[Task] The reply must repeat the listing below exactly and carry none of its pictures.

[Collected data]
────

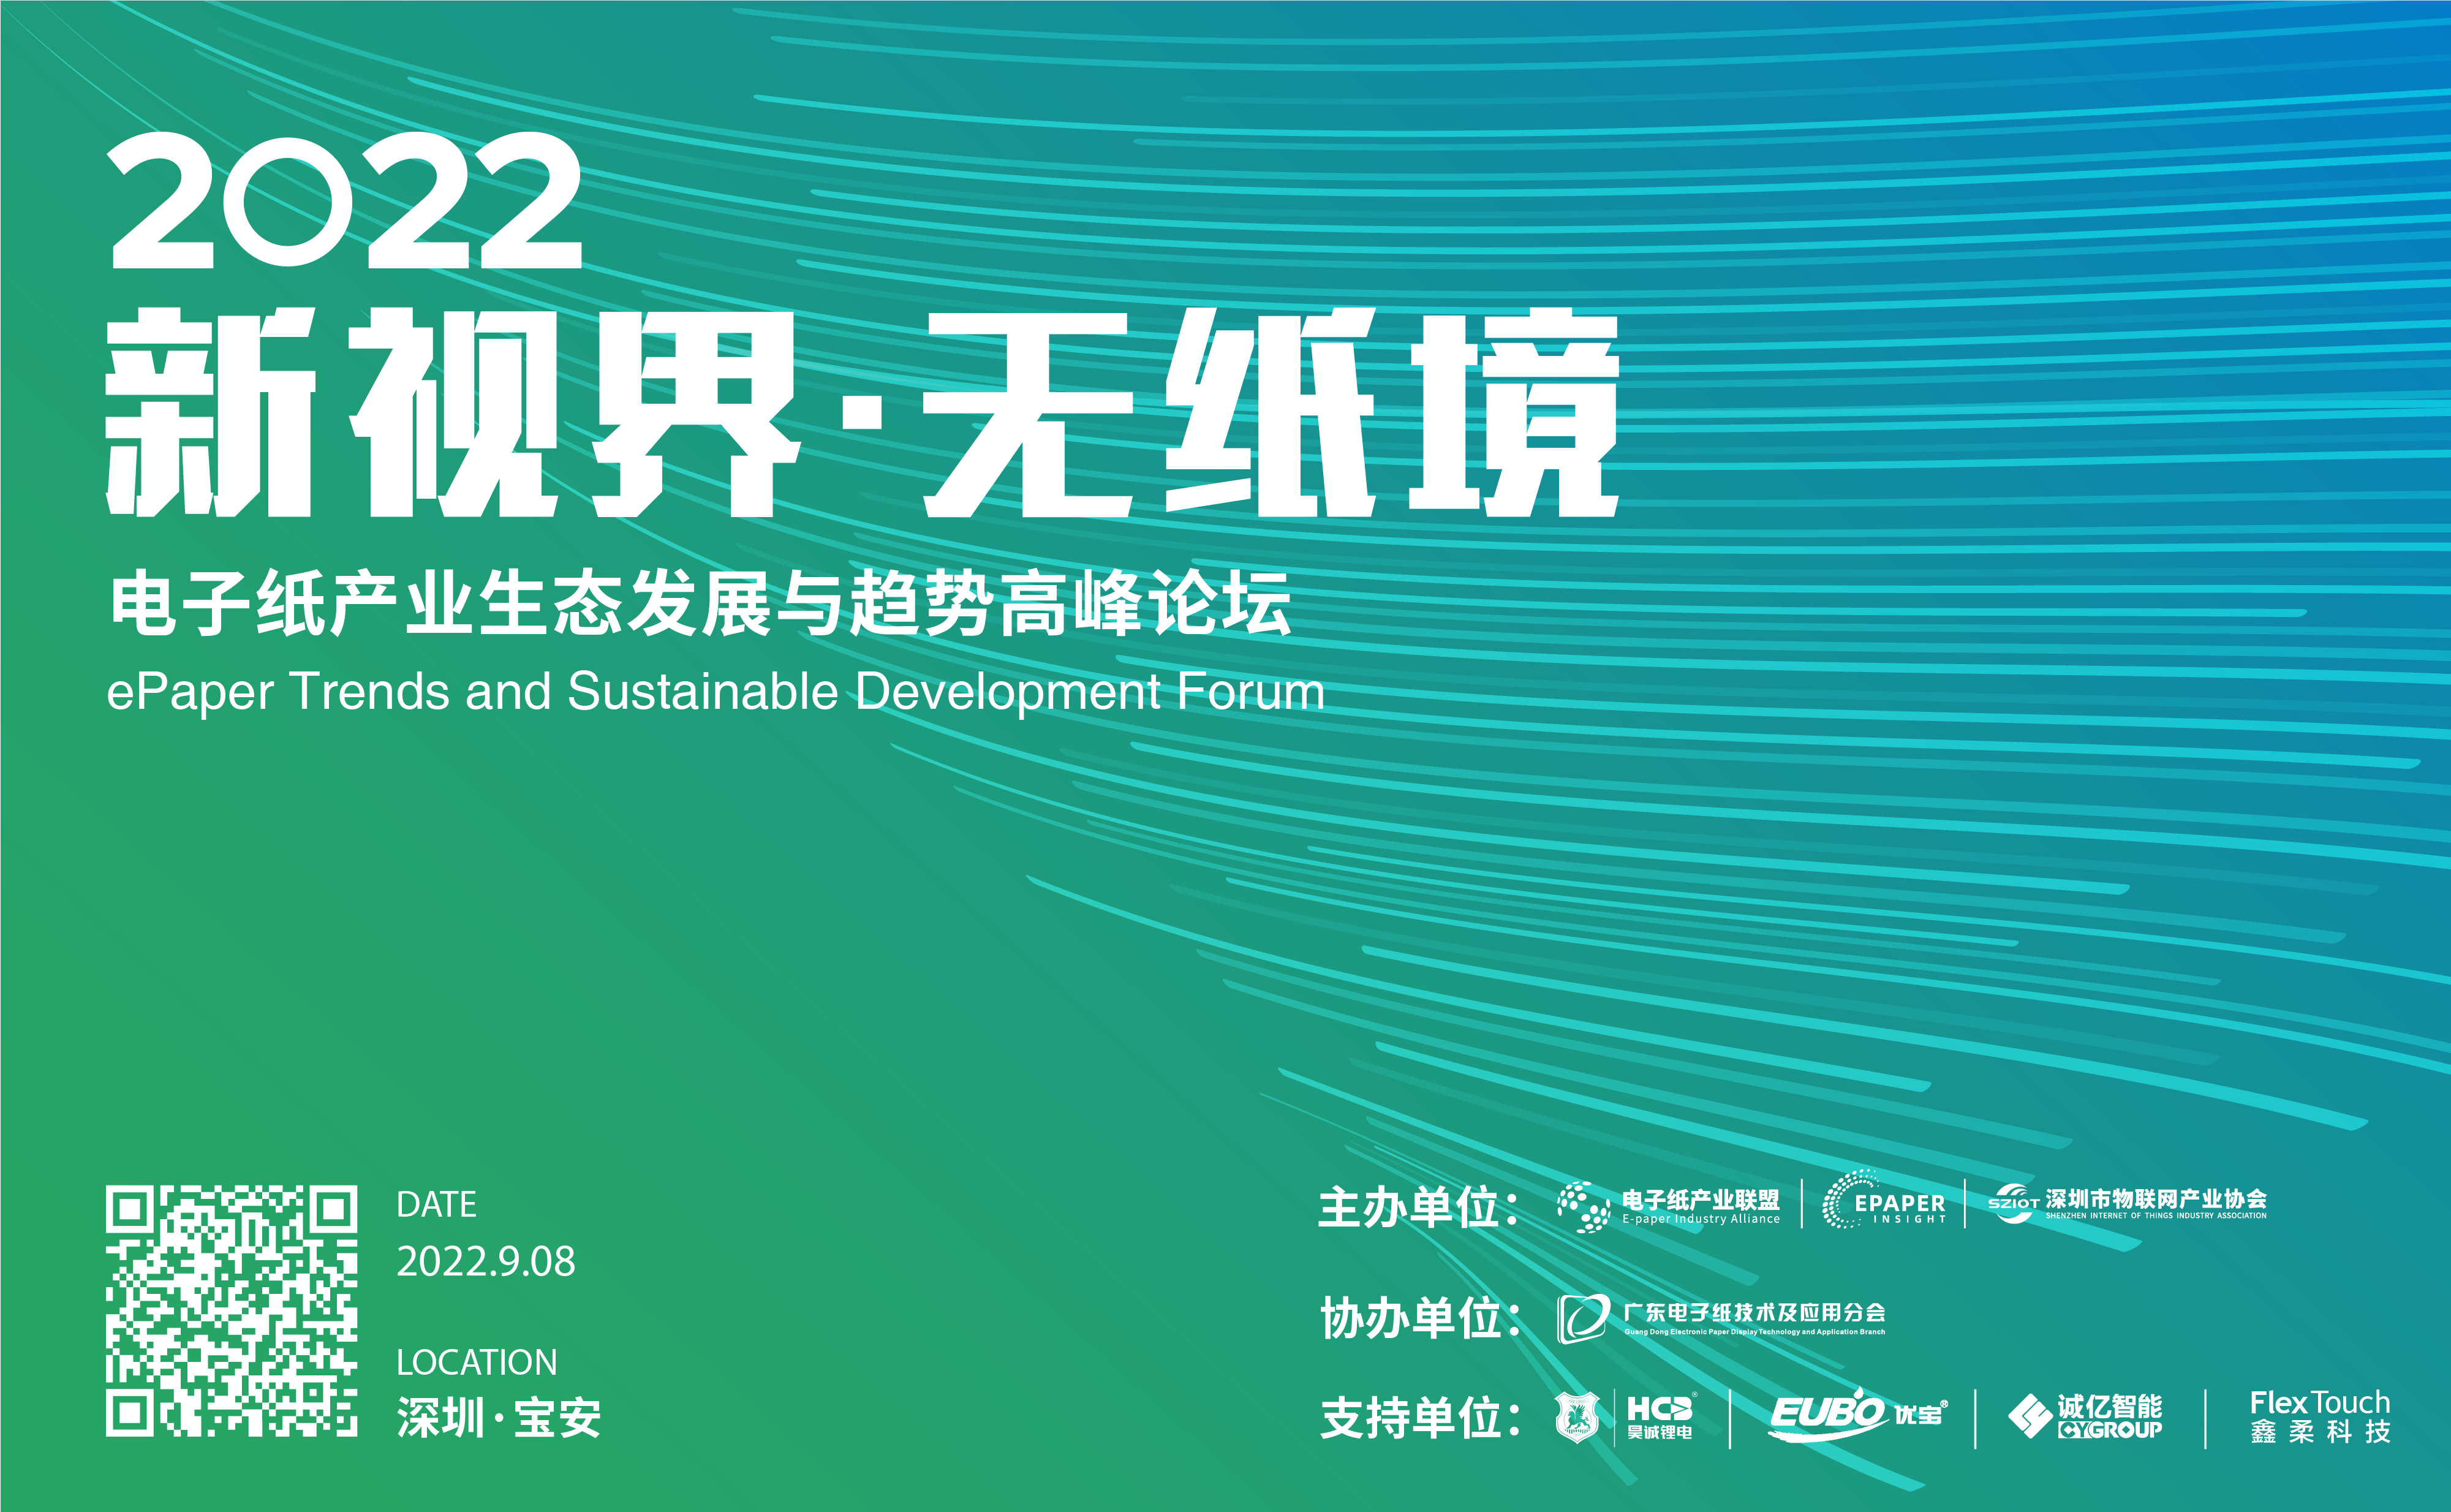 9/8 深圳 | 2022电子纸产业生态发展与趋势高峰论坛
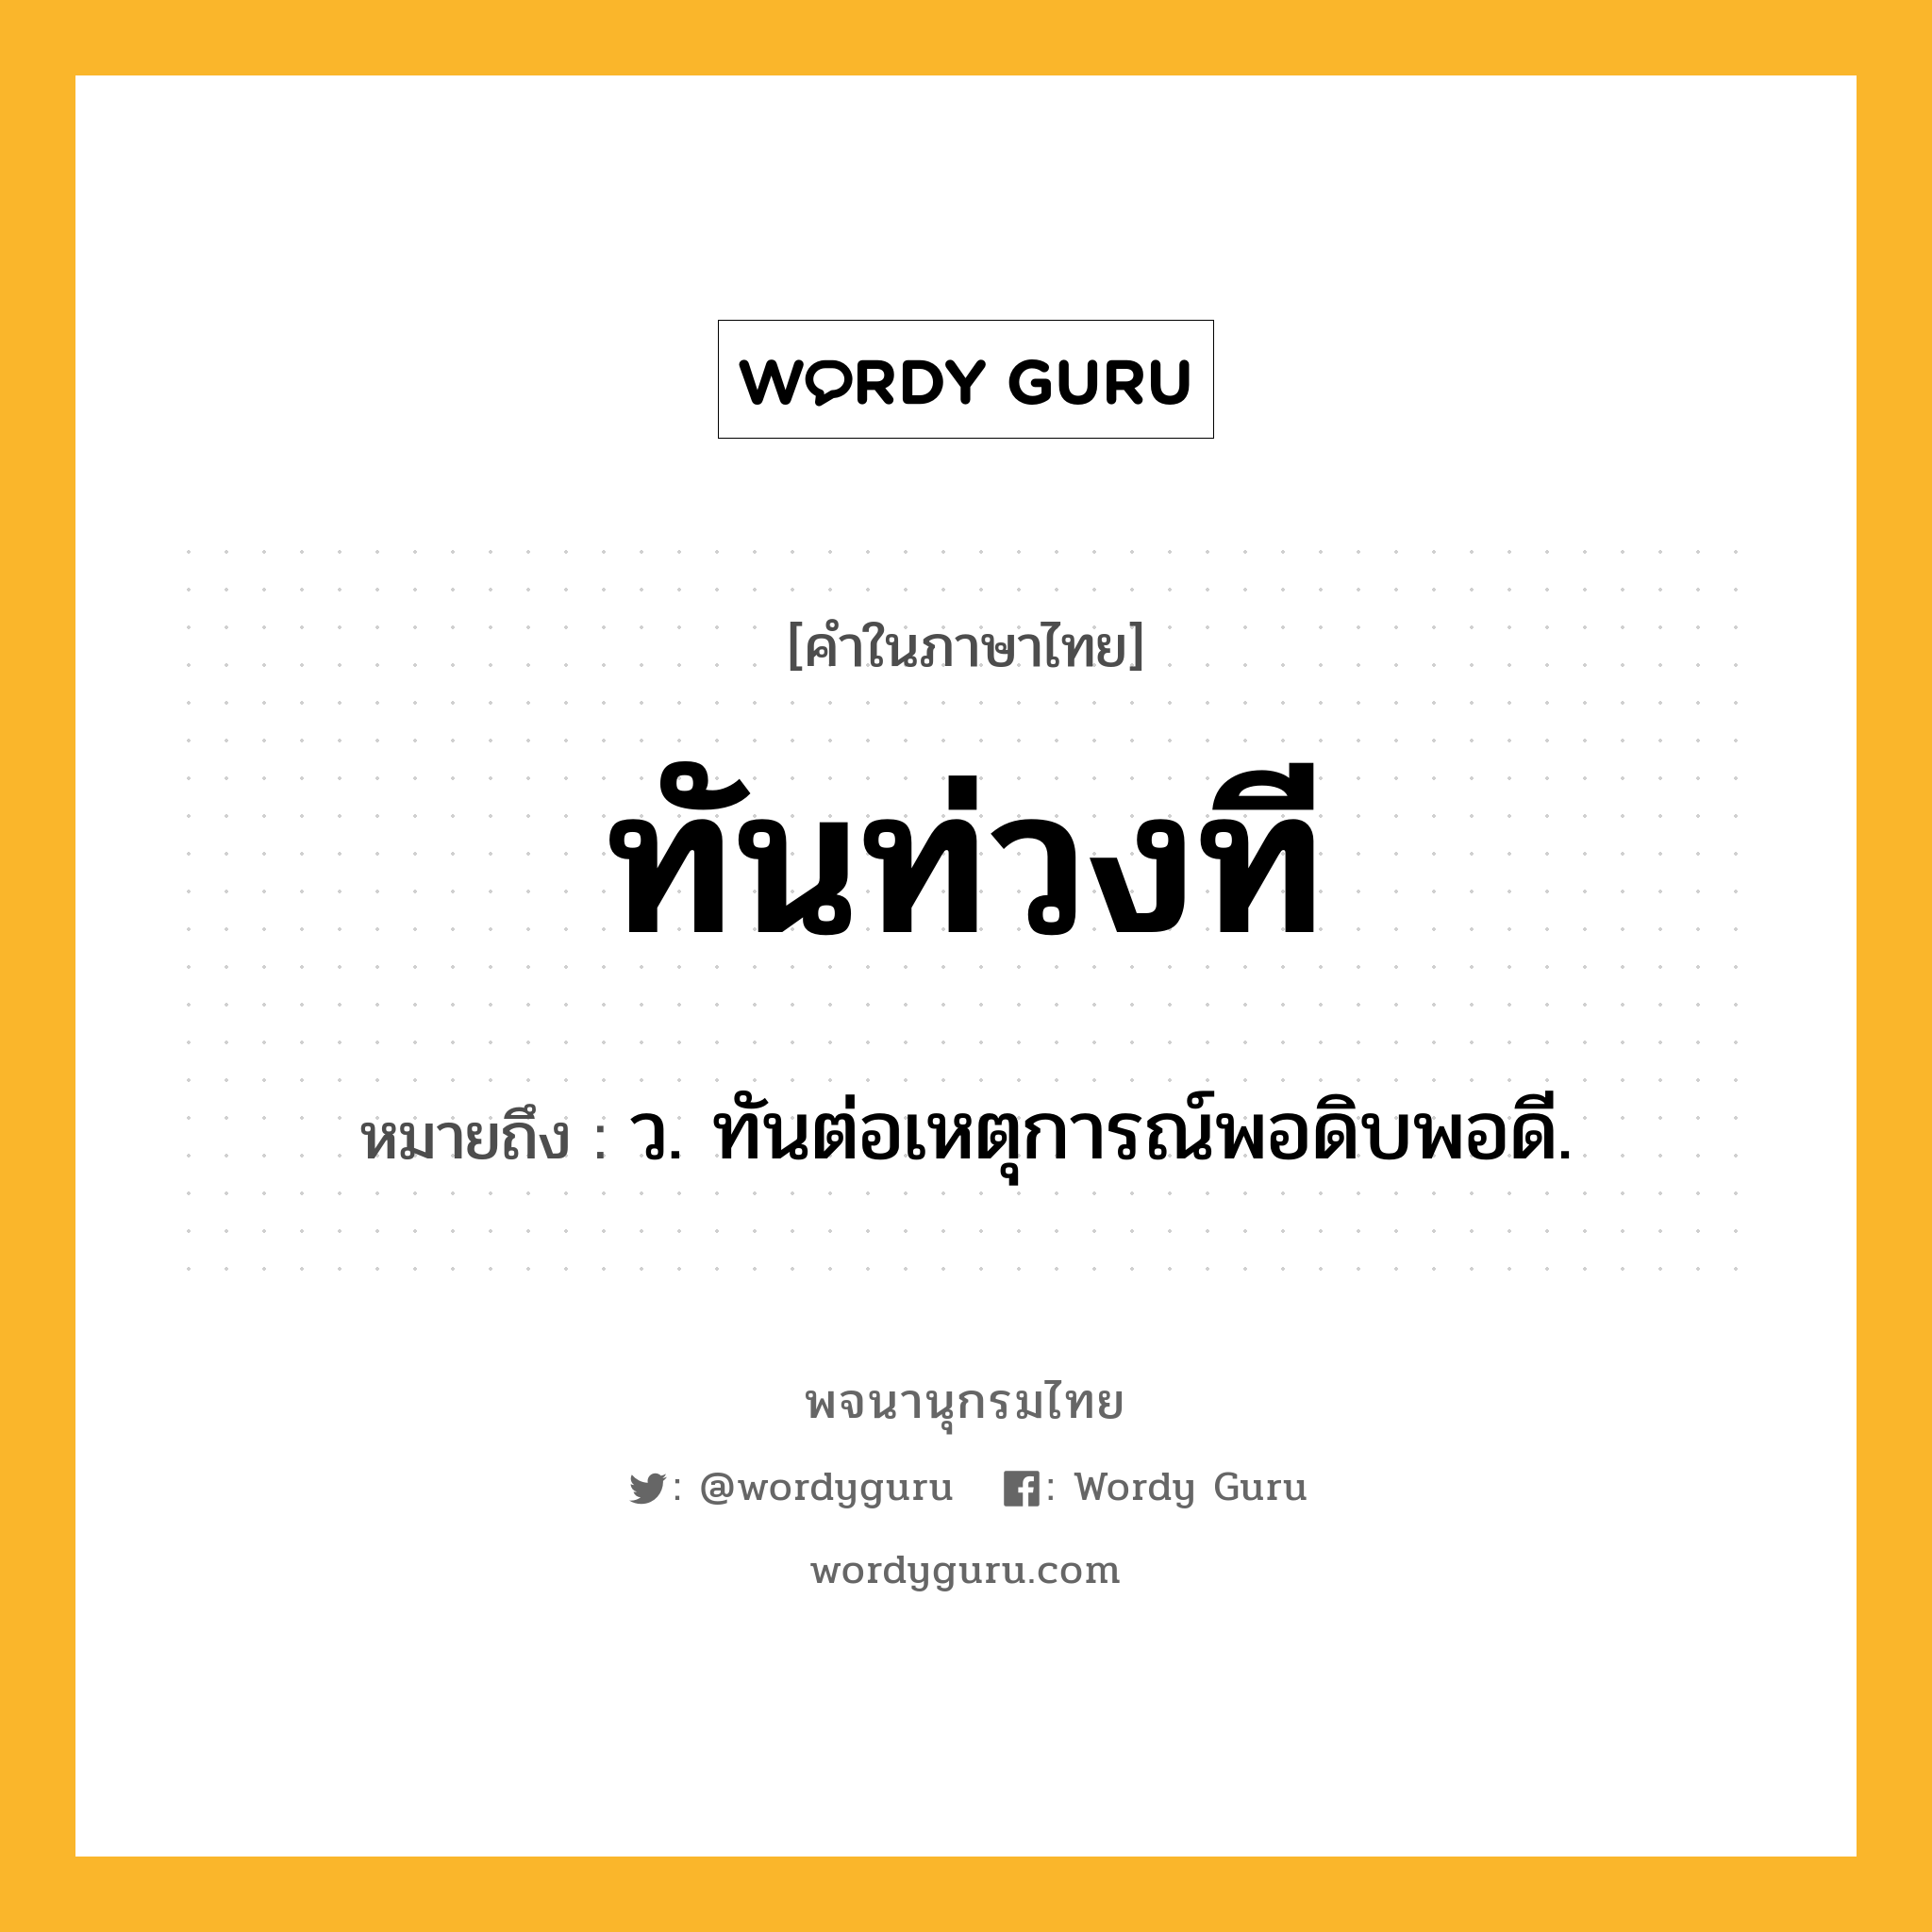 ทันท่วงที หมายถึงอะไร?, คำในภาษาไทย ทันท่วงที หมายถึง ว. ทันต่อเหตุการณ์พอดิบพอดี.
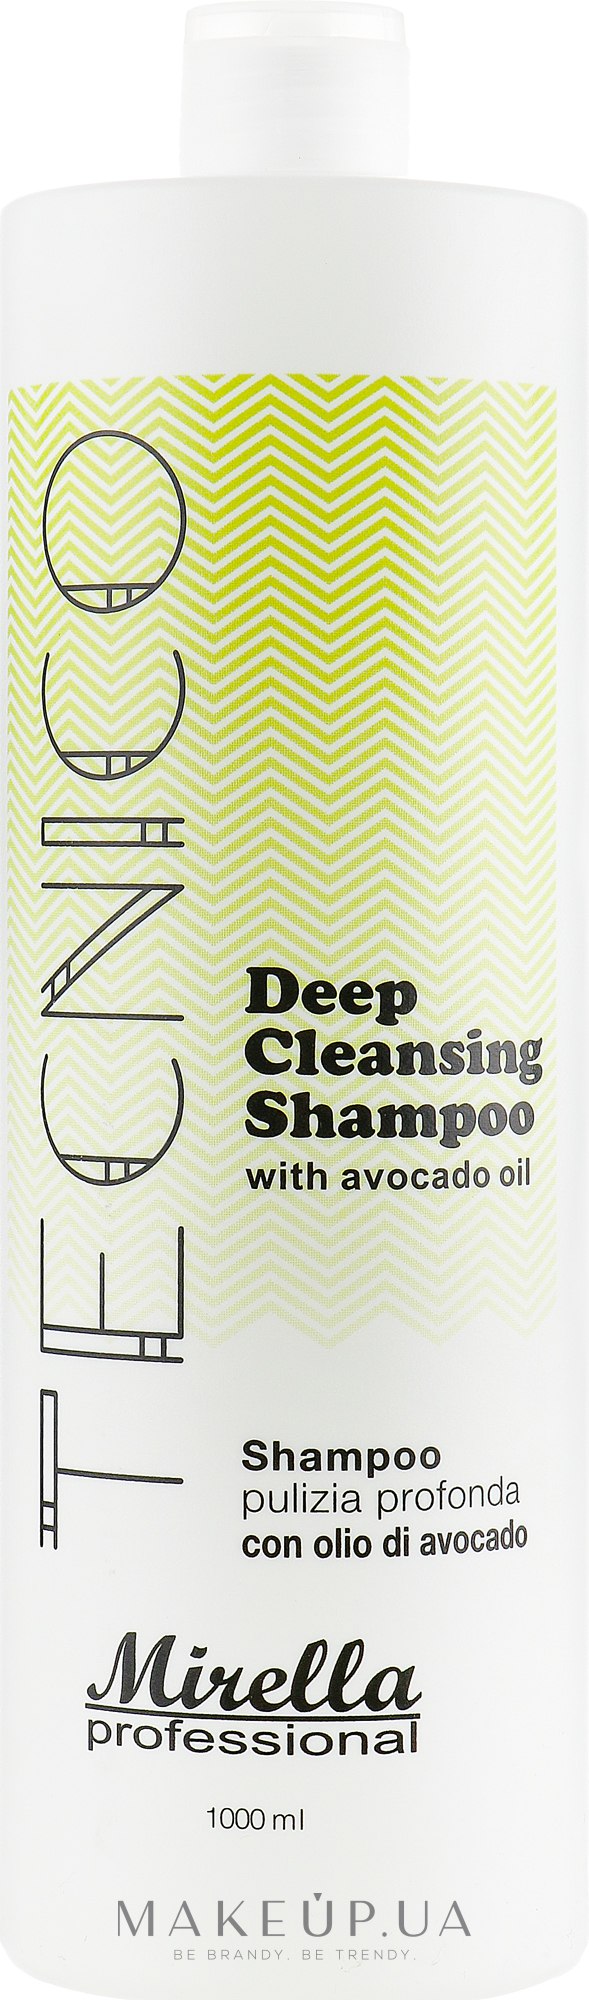 Шампунь глубокой очистки для волос с маслом авокадо - Mirella Professional Tecnico Deep Cleansing Shampoo — фото 1000ml

────

[Answer below]
 9/8 深圳 | 2022电子纸产业生态发展与趋势高峰论坛
 ทันท่วงที หมายถึงอะไร?, คำในภาษาไทย ทันท่วงที หมายถึง ว. ทันต่อเหตุการณ์พอดิบพอดี.
 Шампунь глубокой очистки для волос с маслом авокадо - Mirella Professional Tecnico Deep Cleansing Shampoo — фото 1000ml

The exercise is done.